Ramadan : un iftar sain et diététique à la mosquée, chiche ?

Par Al-Kanz

Ramadan 2016 – 1437. L’iftar à la maison comme à la mosquée est bien trop souvent loin de la modération et de la tempérance attendues durant le mois béni.

iftar ramadan 2016
© Shutterstock

Ramadan 2016 – 1437. C’est dans quinze jours que le mois béni de ramadan débute in sha’a-Llah. Mois de tempérance, de modération et d’ascèse, ramadan devient pourtant trop souvent le soir venu un mois d’outrance et de débauche de nourriture : trop de tables débordent au sens propre comme au sens figuré ; ce jusque dans les mosquées qui offrent l’iftar (repas de rupture du jeûne).

Iftar offert dans les mosquées

Elles sont nombreuses désormais ces mosquées qui le soir venu, pendant ramadan, invitent les fidèles à dîner. Après une longue journée de jeûne, on s’attable alors autour de plats, cuisinés sur place quand les locaux le permettent ou offerts par de bonnes âmes.

La mosquée est alors lieu de partage, de convivialité et de solidarité: les plus pauvres – musulmans ou non du reste – viennent y trouver plus que ce qu’ils ne peuvent avoir. Les personnes seules (étudiants, célibataires, etc.) évitent de rompre leur jeûne dans l’isolement.

Mais il y a une ombre au tableau : les plats sont le plus souvent trop nombreux, trop gras, trop lourds ; sans parler de ces innombrables boissons gazeuses, qu’il faudrait absolument proscrire et remplacer par de l’eau.

Revenir à la modération prophétique

S’abstenir de boire et de manger avec force courage durant dix-sept heures pour se goinfrer une fois la nuit tombée n’est pas ce qui est attendu du jeûneur.

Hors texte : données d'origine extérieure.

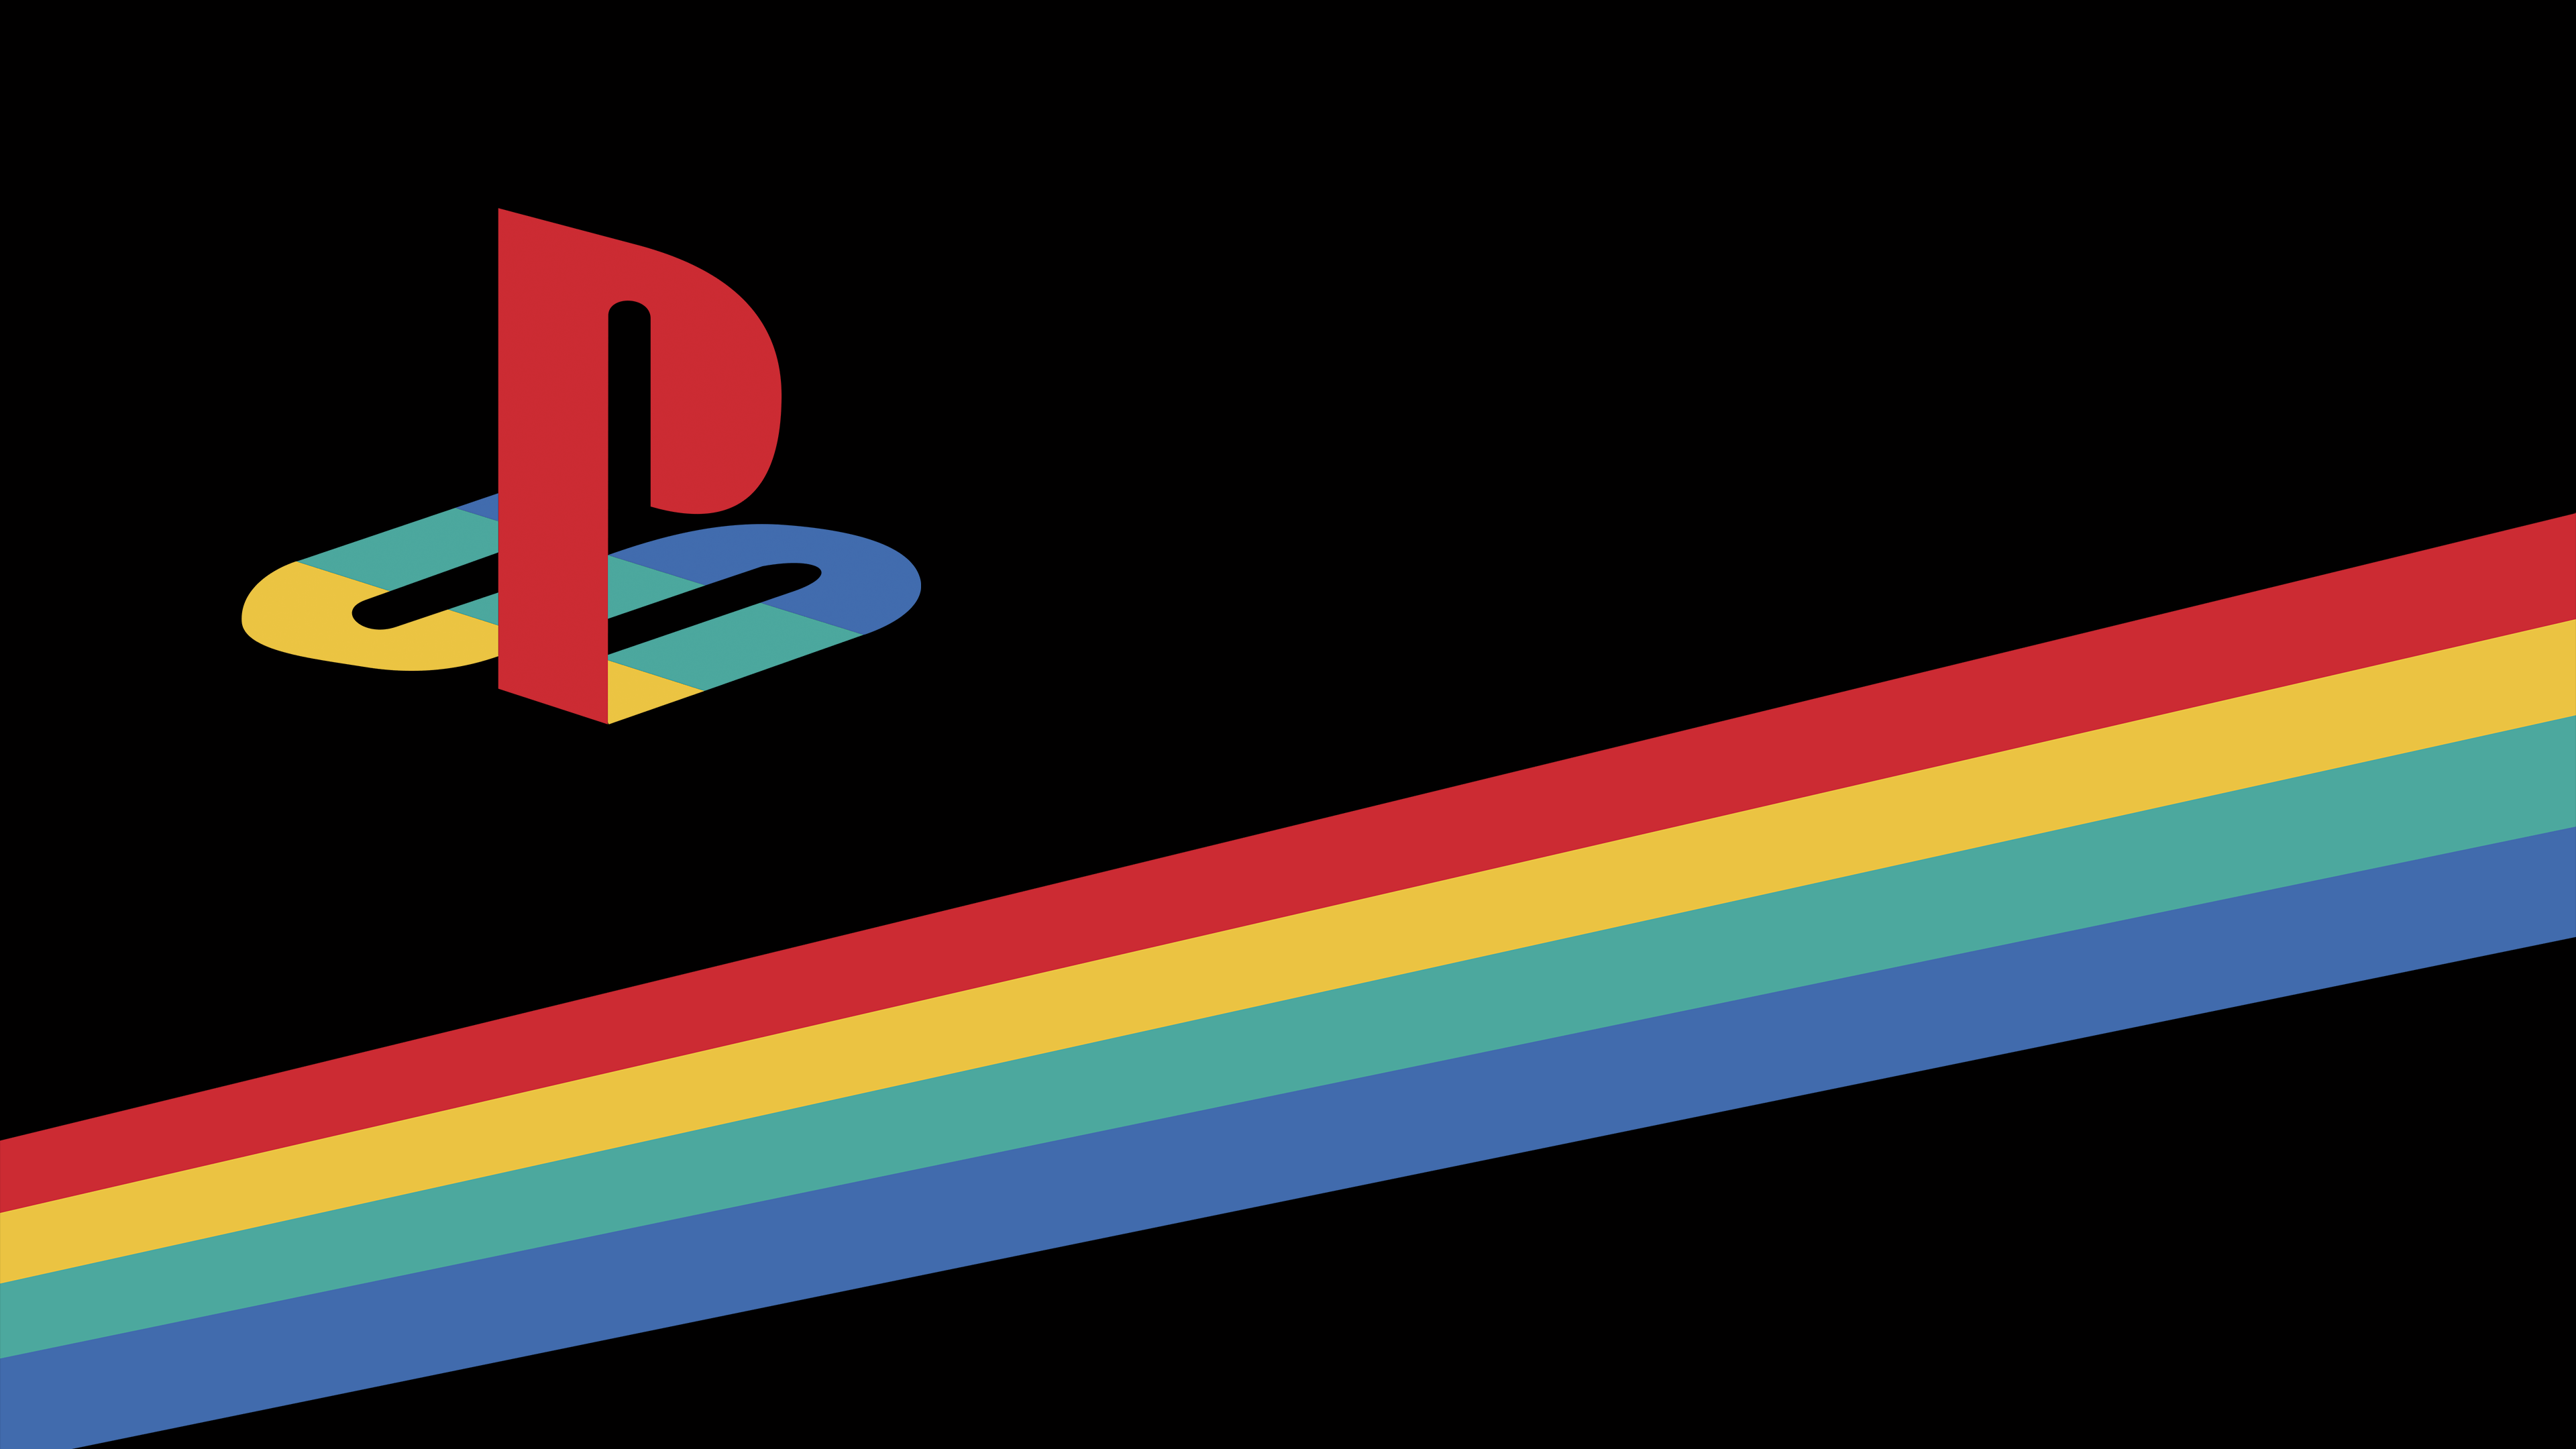 PlayStation Wallpaper

Les responsables des mosquées portent une grande responsabilité. Il leur revient d’organiser un iftar décent, loin de tout excès et de tout gaspillage.

De même, on attend des imams qu’ils rappellent les règles de bienséance en matière d’alimentation et qu’ils veillent à ce que l’on observe autant que faire se peut les commandements prophétiques : la mosquée ne peut être le lieu où les fidèles contreviennent aux enseignements de l’islam. Le mois de ramadan doit demeurer, plus encore au moment de l’iftar, l’occasion où l’on réussit à réprimer ses instincts primaires pour éduquer et élever son âme.